After a tool replaces a template’s parameters, it should remove doubled and trailing slashes. This should make go-source’s {/dir} parameter unnecessary. In theory, a site could serve a path differently depending on whether it had a trailing slash, but we are unaware of any code-hosting site that makes this distinction.

Any component of the tag’s contents can be omitted by using an underscore.

Here’s an example of the go-import and go-source-v2 meta tags for the gopkg.in/yaml.v2 module:

<meta name="go-import" content="gopkg.in/yaml.v2 git https://gopkg.in/yaml.v2">

<meta name="go-source-v2" content="
    github.com/go-yaml/yaml
    https://github.com/go-yaml/yaml/tree/{revision}/{dir}
    https://github.com/go-yaml/yaml/blob/{revision}/{dir}/{file}
    #L{line}
    https://github.com/go-yaml/yaml/raw/{revision}/{dir}/{file}
">

Revision Parameters

Tools should derive {revision} from the module version as follows:

  • For pseudo-versions, use the commit hash (the part after the final hyphen).
  • For semantic versions, use the version after removing any +incompatible suffix.
    Use other version specifiers (like master) as is.
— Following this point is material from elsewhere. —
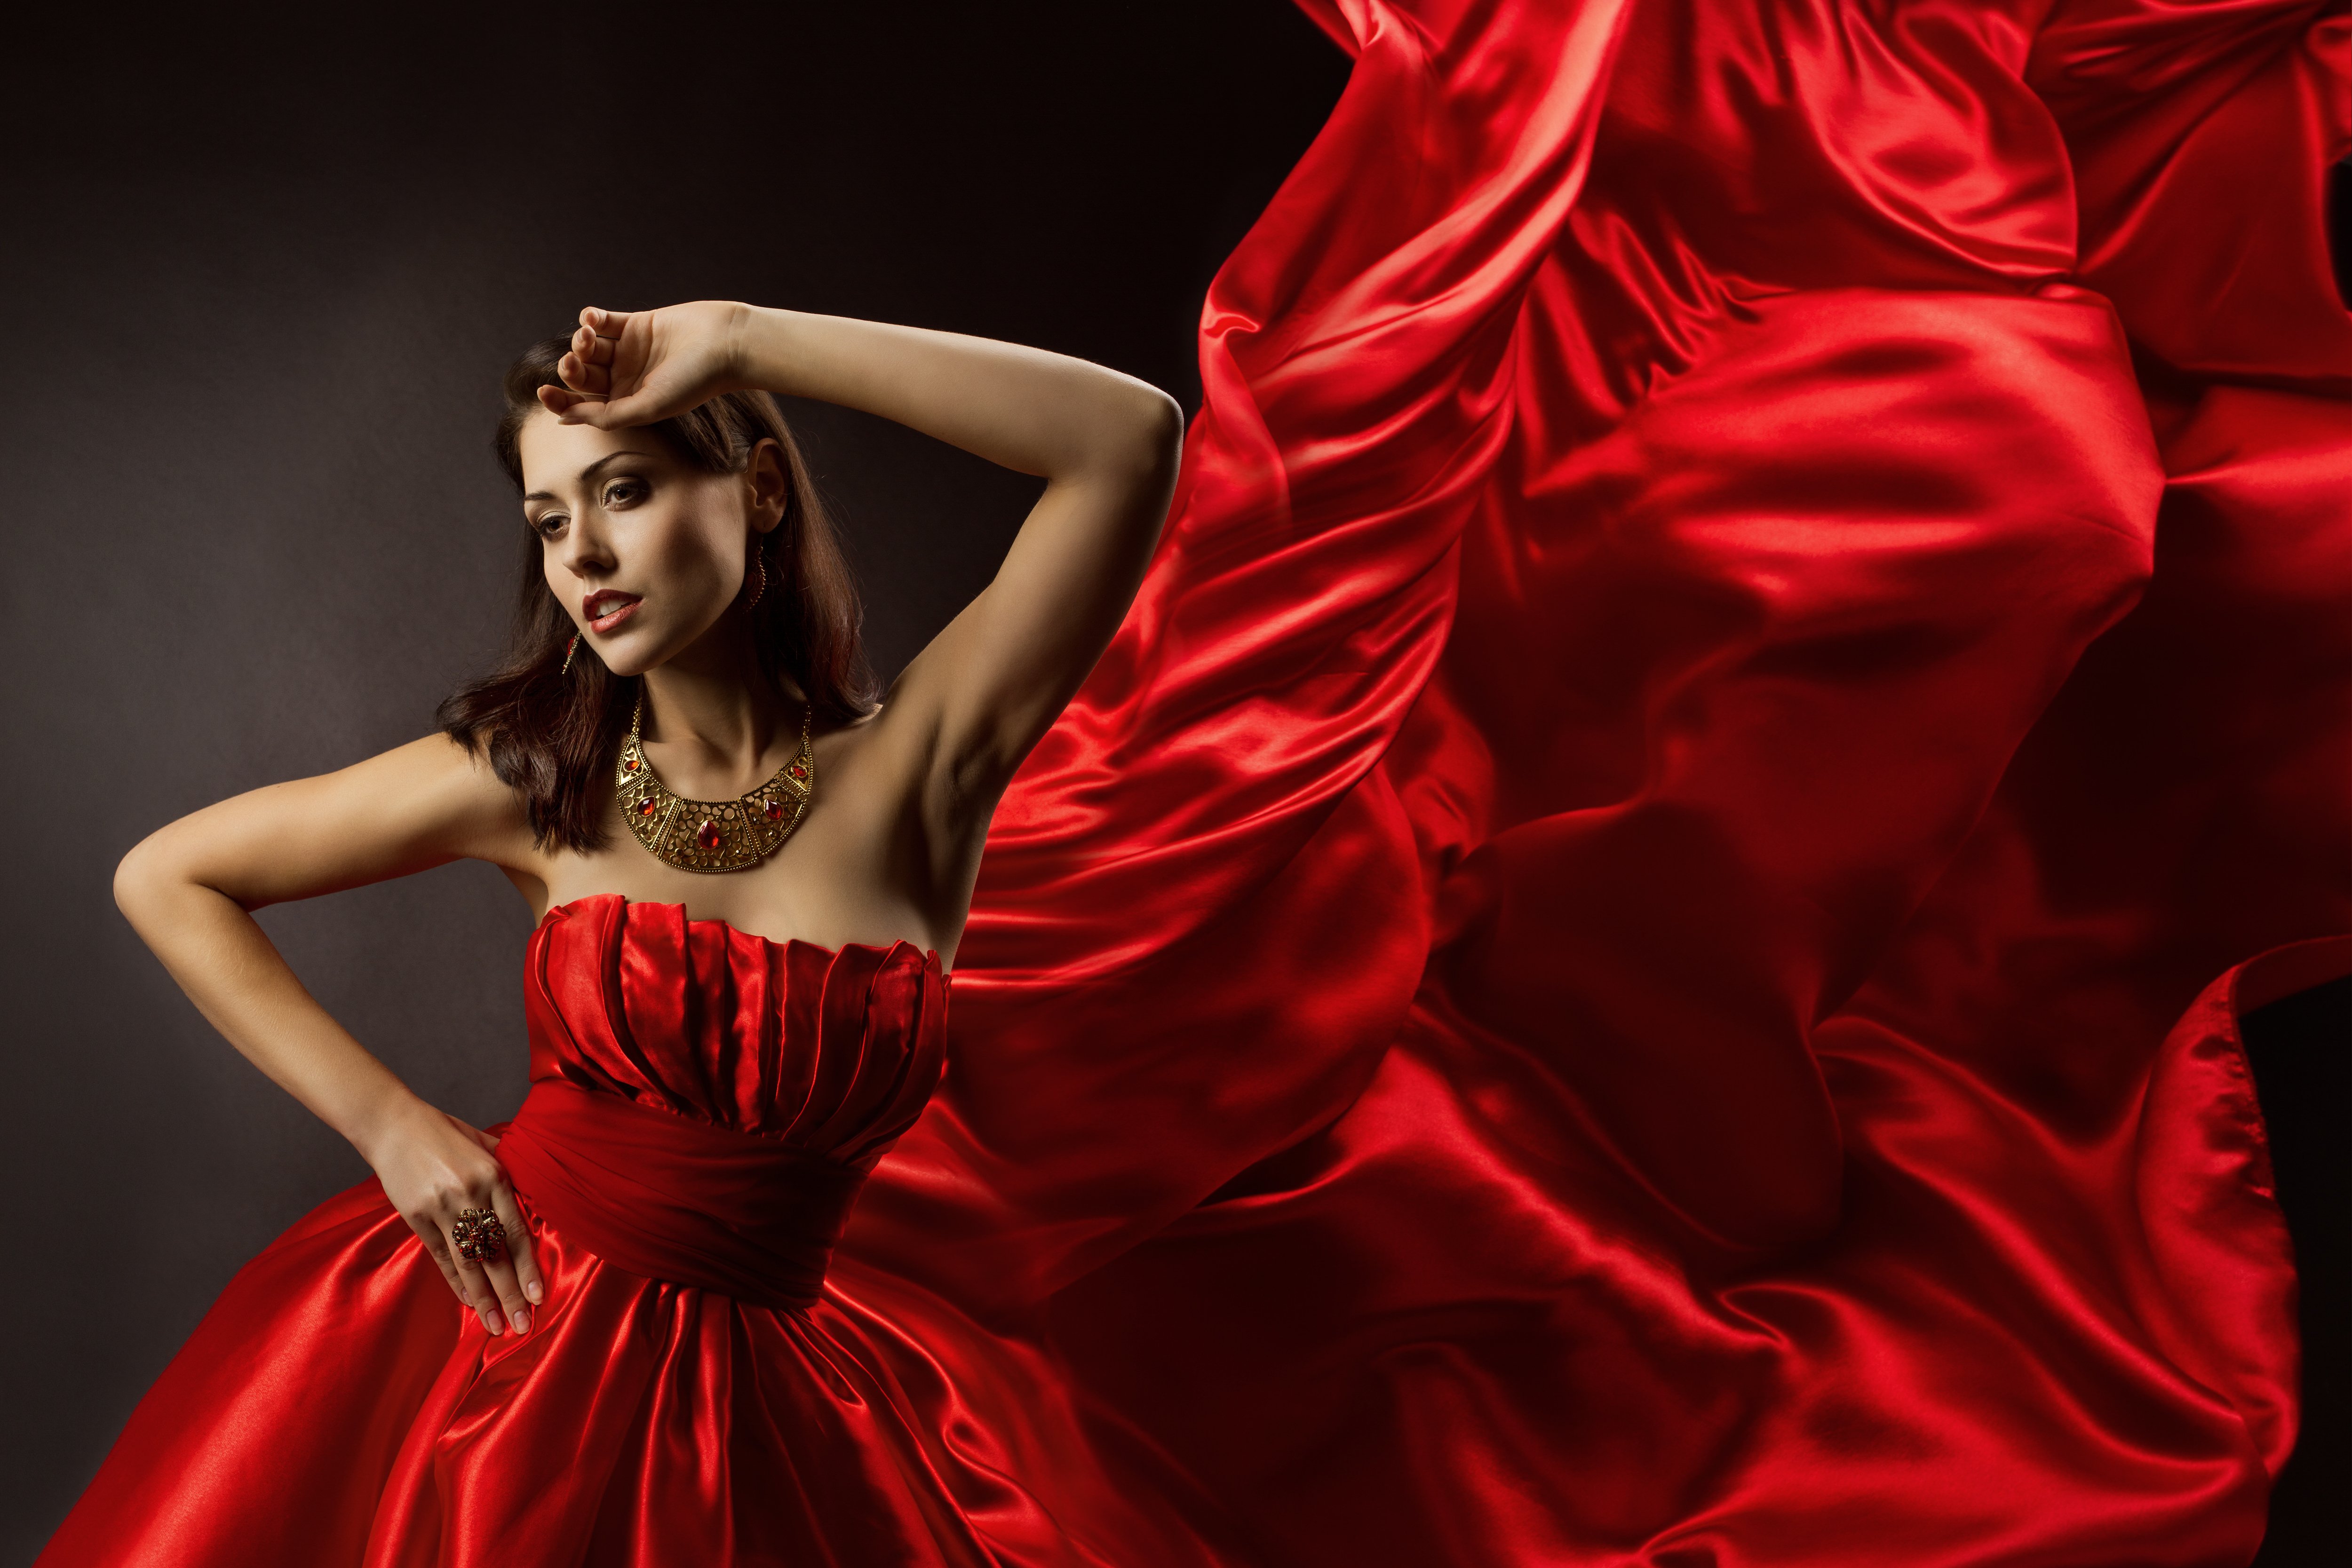 Картинка обои красная. Девока в красивом платье. Девушка в красивом аовтье. Красивое красное платье.

For a nested module, {revision} is not actually the tag name. A nested module N at version v1.2.3 has tag N/v1.2.3, but {revision} will be v1.2.3. The templates must account for this. For instance, if example.com served directories using GitHub-style URLs, and example.com/mod/nest were a nested module under example.com/mod, then its directory template might be https://example.com/mod/tree/nest/{revision}/nest/{dir}. The first occurrence of nest is part of the tag that identifies the version of example.com/mod/nest.
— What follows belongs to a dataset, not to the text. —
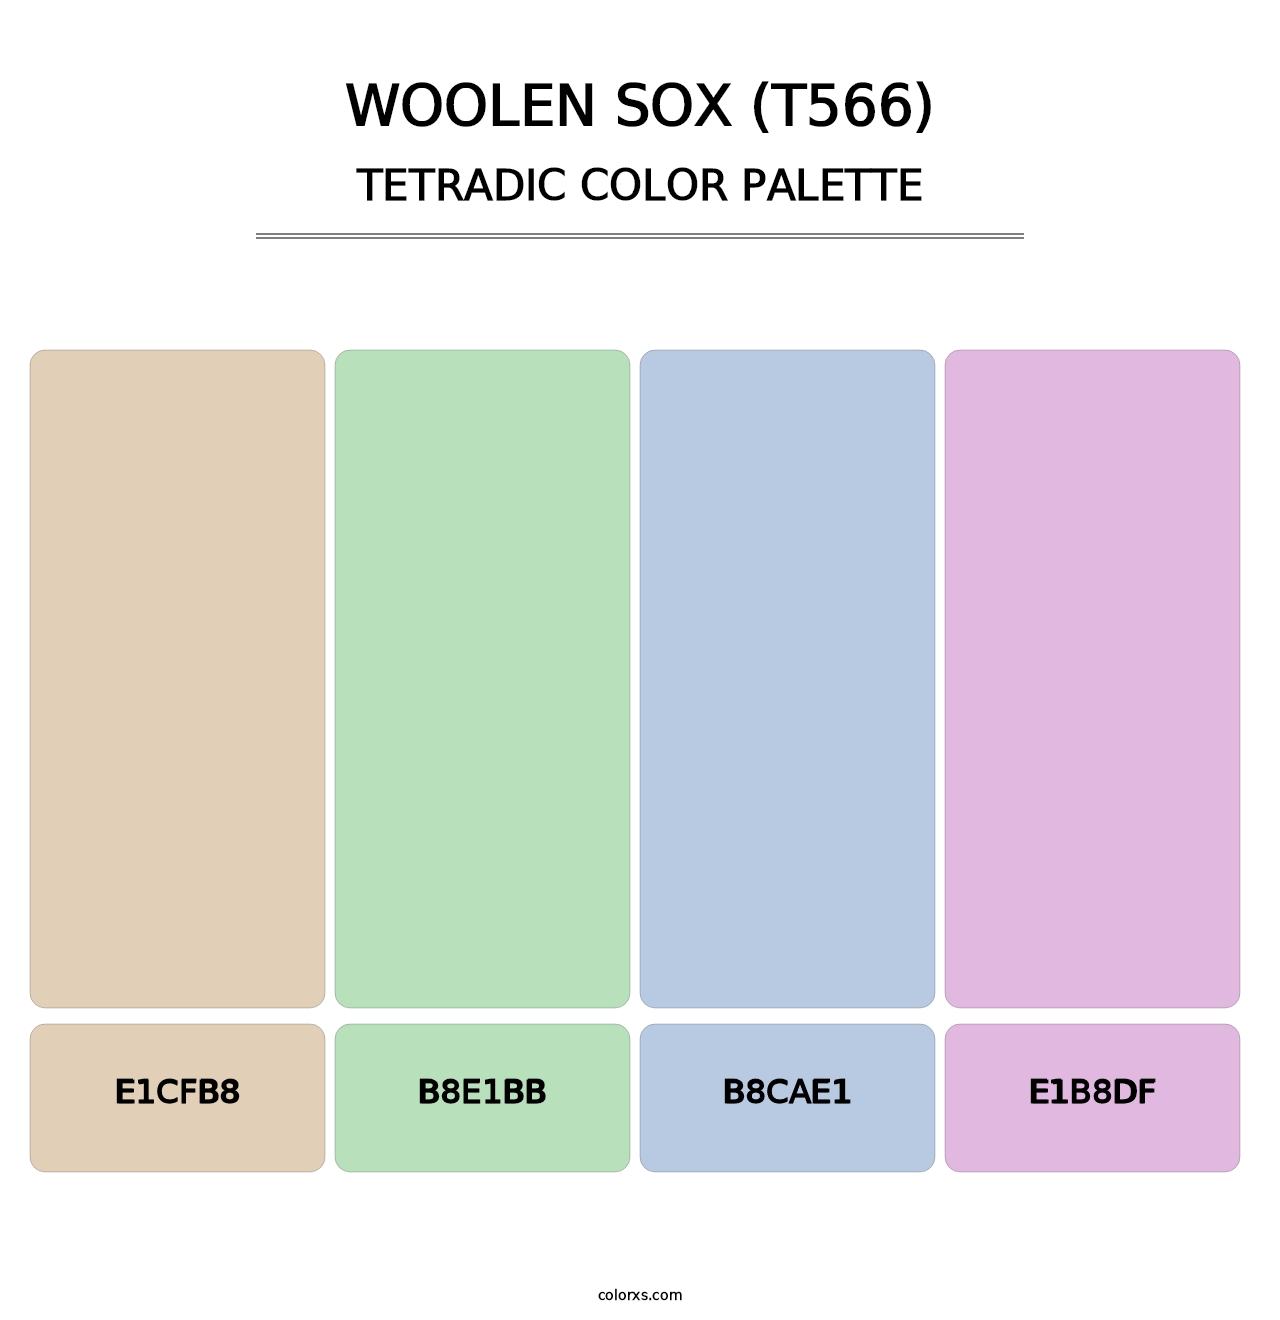 Woolen Sox (T566) - Tetradic Color Palette

Implicit Source Information

If the https://M?go-get=1 page for module M has a go-import meta tag that refers to a repo whose domain matches one of the following glob patterns, then no go-source-v2 tag is needed:

  • github.com
  • bitbucket.org
  • *.googlesource.com
  • gitlab.com
  • gitlab.* (if the site behaves like gitlab.com)
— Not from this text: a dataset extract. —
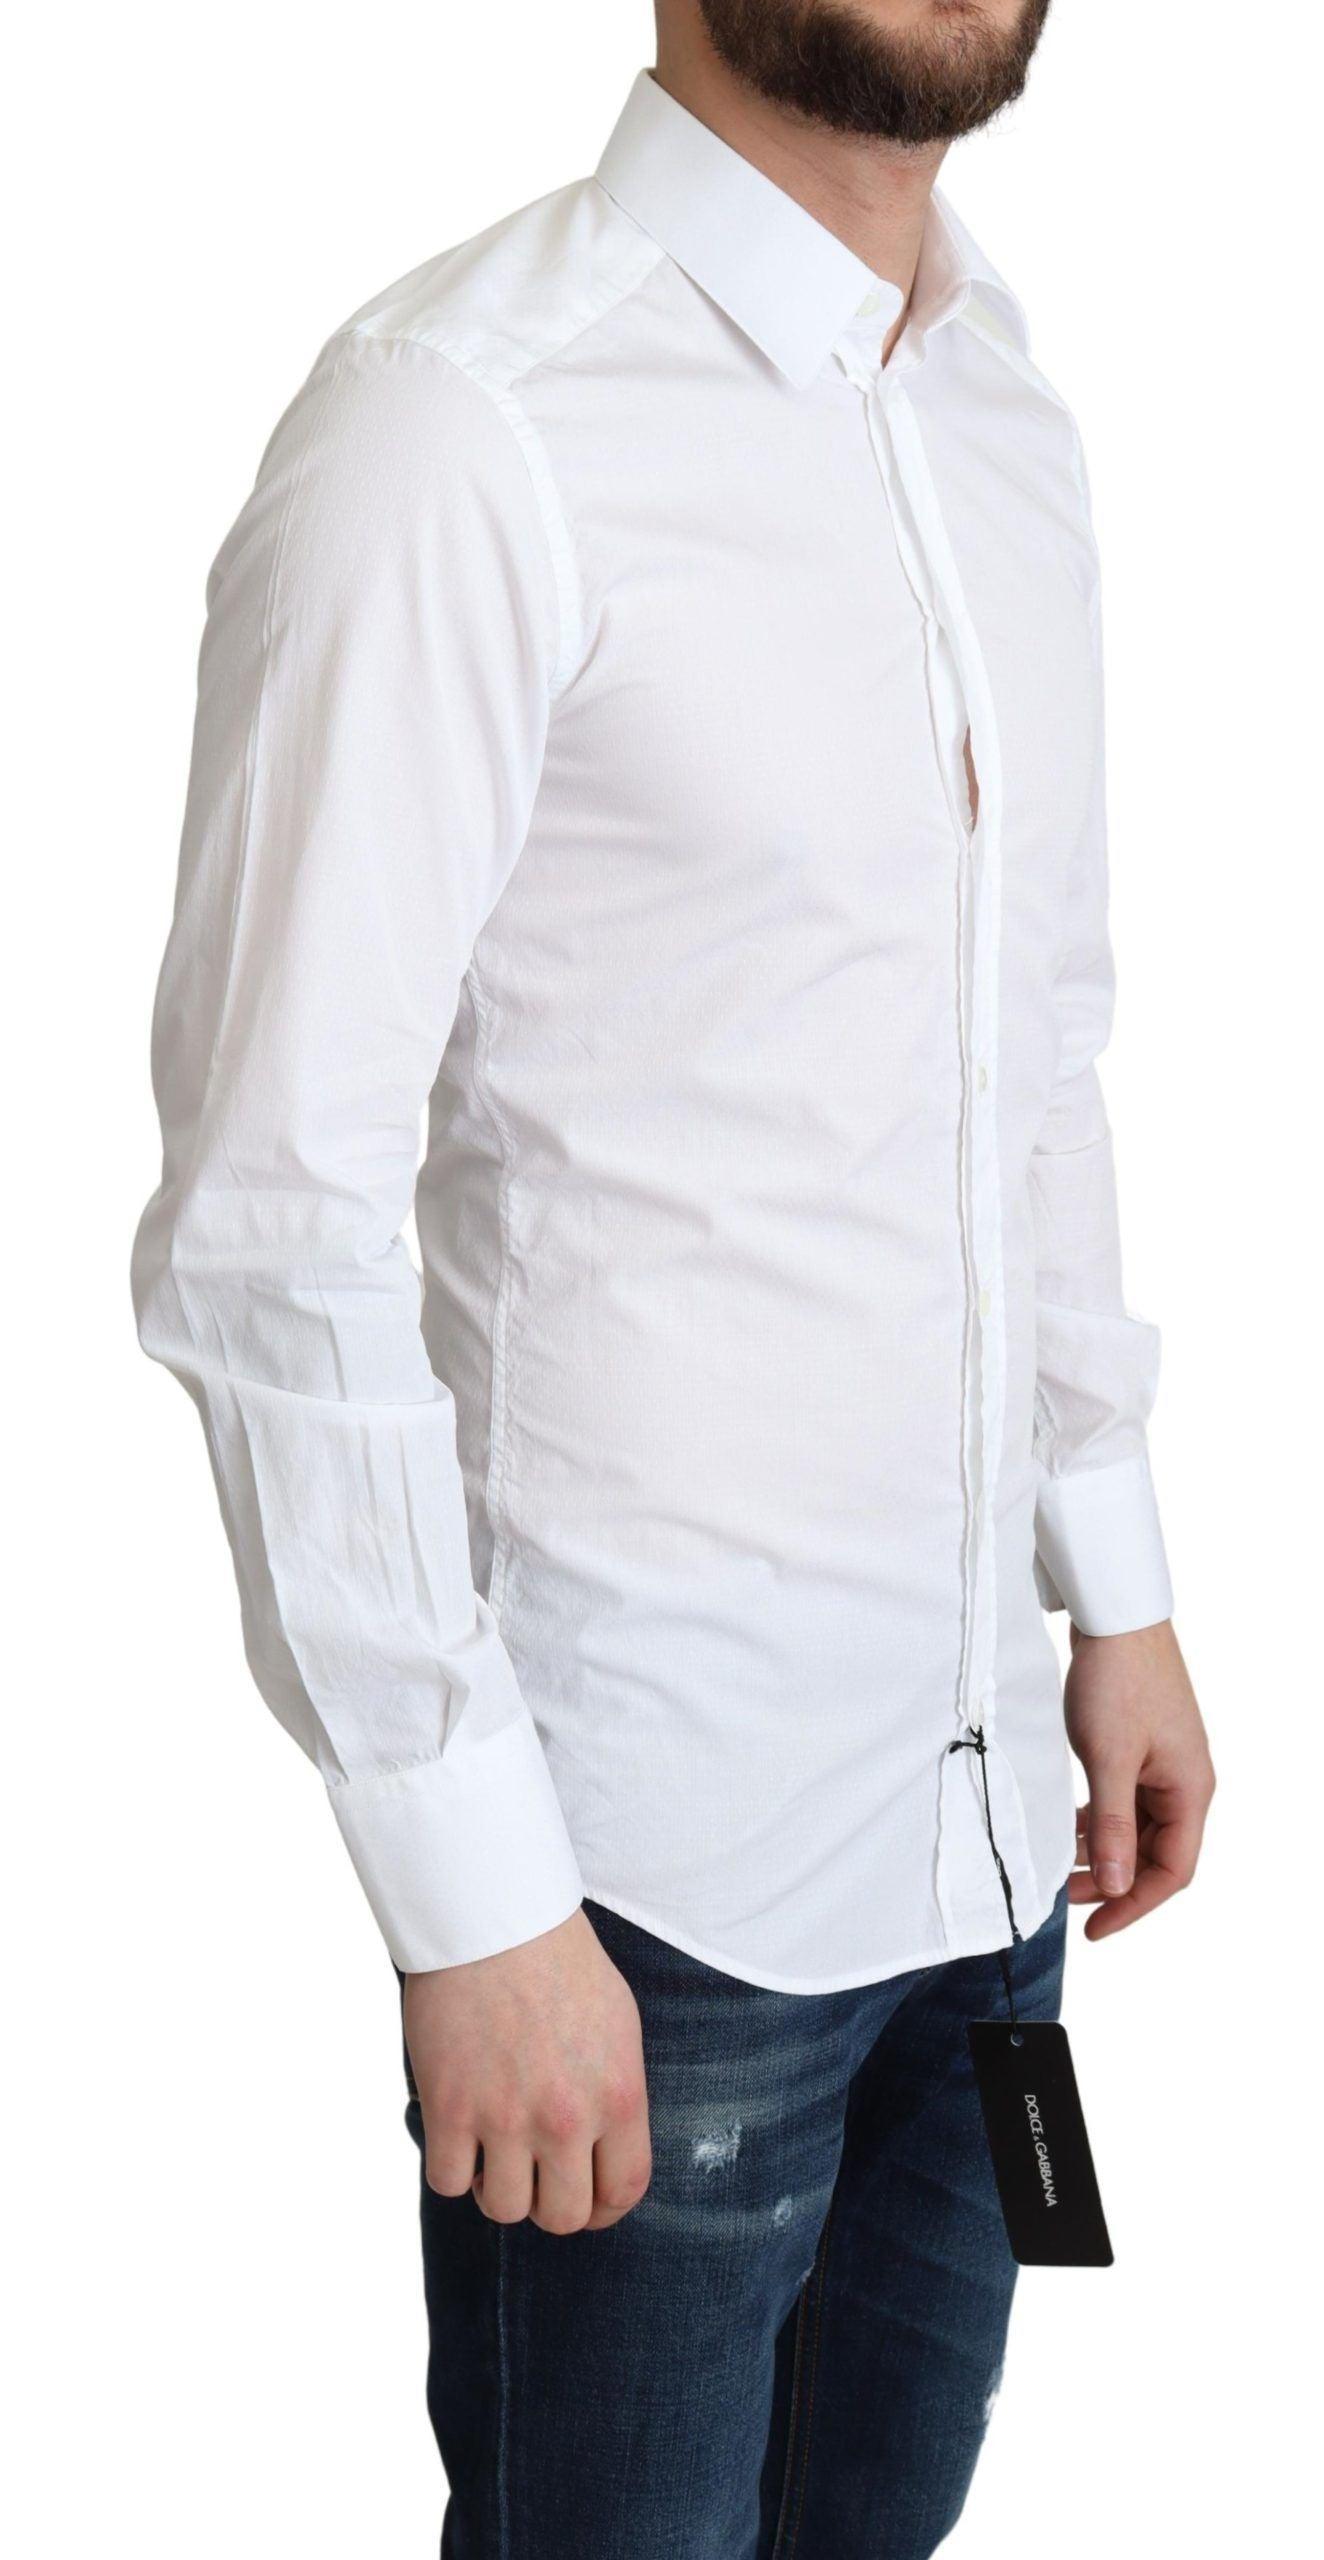 Dolce & Gabbana Elegant White Cotton Dress Shirt - PER.FASHION

The templates for these sites are well-known, and are provided below.

There is one problem: for a major version greater than 1, the templates for “major branch” and “major subdirectory” conventions differ (See https://research.swtch.com/vgo-module for a discussion of these conventions.) To determine the right template, make a HEAD request for the go.mod file using each template, and select the one that succeeds. For example, for module github.com/a/b/v2 at version v2.3.4, probe both github.com/a/b/blob/v2.3.4/go.mod (the location of the go.mod file using the “major branch” convention) and github.com/a/b/blob/v2.3.4/v2/go.mod (its location using “major subdirectory”).

Standard Patterns

In these patterns, REPO is the repo URL and MS is the suffix of the module path without the repo prefix. These can be determined from the go-import tag and the path of the go-get=1 URL.

github.com:

  • directory: REPO/tree/{revision}/MS/{dir}
  • file: REPO/blob/{revision}/MS/{dir}/{file}
  • line suffix: #L{line}
  • raw: REPO/raw/{revision}/MS/{dir}/{file}

gitlab.com, gitlab.*:

  • directory: REPO/tree/{revision}/MS/{dir}
  • file: REPO/blob/{revision}/MS/{dir}/{file}
  • line suffix: #L{line}
  • raw: REPO/raw/{revision}/MS/{dir}/{file}

bitbucket.org:

  • directory: REPO/src/{revision}/MS/{dir}
  • file: REPO/src/{revision}/{dir}/MS/{file}
  • line suffix: #lines-{line}
  • raw: REPO/raw/{revision}/MS/{dir}/{file}

*.googlesource.com:

  • directory: REPO/+/{revision}/{dir}
  • file: REPO/+/{revision}/{dir}/{file}
  • line suffix: #{line}
  • raw: not supported

Sites that won’t work

Code-hosting sites running Gitea cannot be accommodated by the source linking scheme described above, or indeed by any scheme that has only the information available from the module zip. Gitea source URLs are different for branches, tags and commit hashes, and for the last only the full hash will work. Since revisions should always be tags, the templates for a Gitea site can use the tag form of the source URL. But there is no template that will work with the abbreviated hash at the end of a pseudo-version.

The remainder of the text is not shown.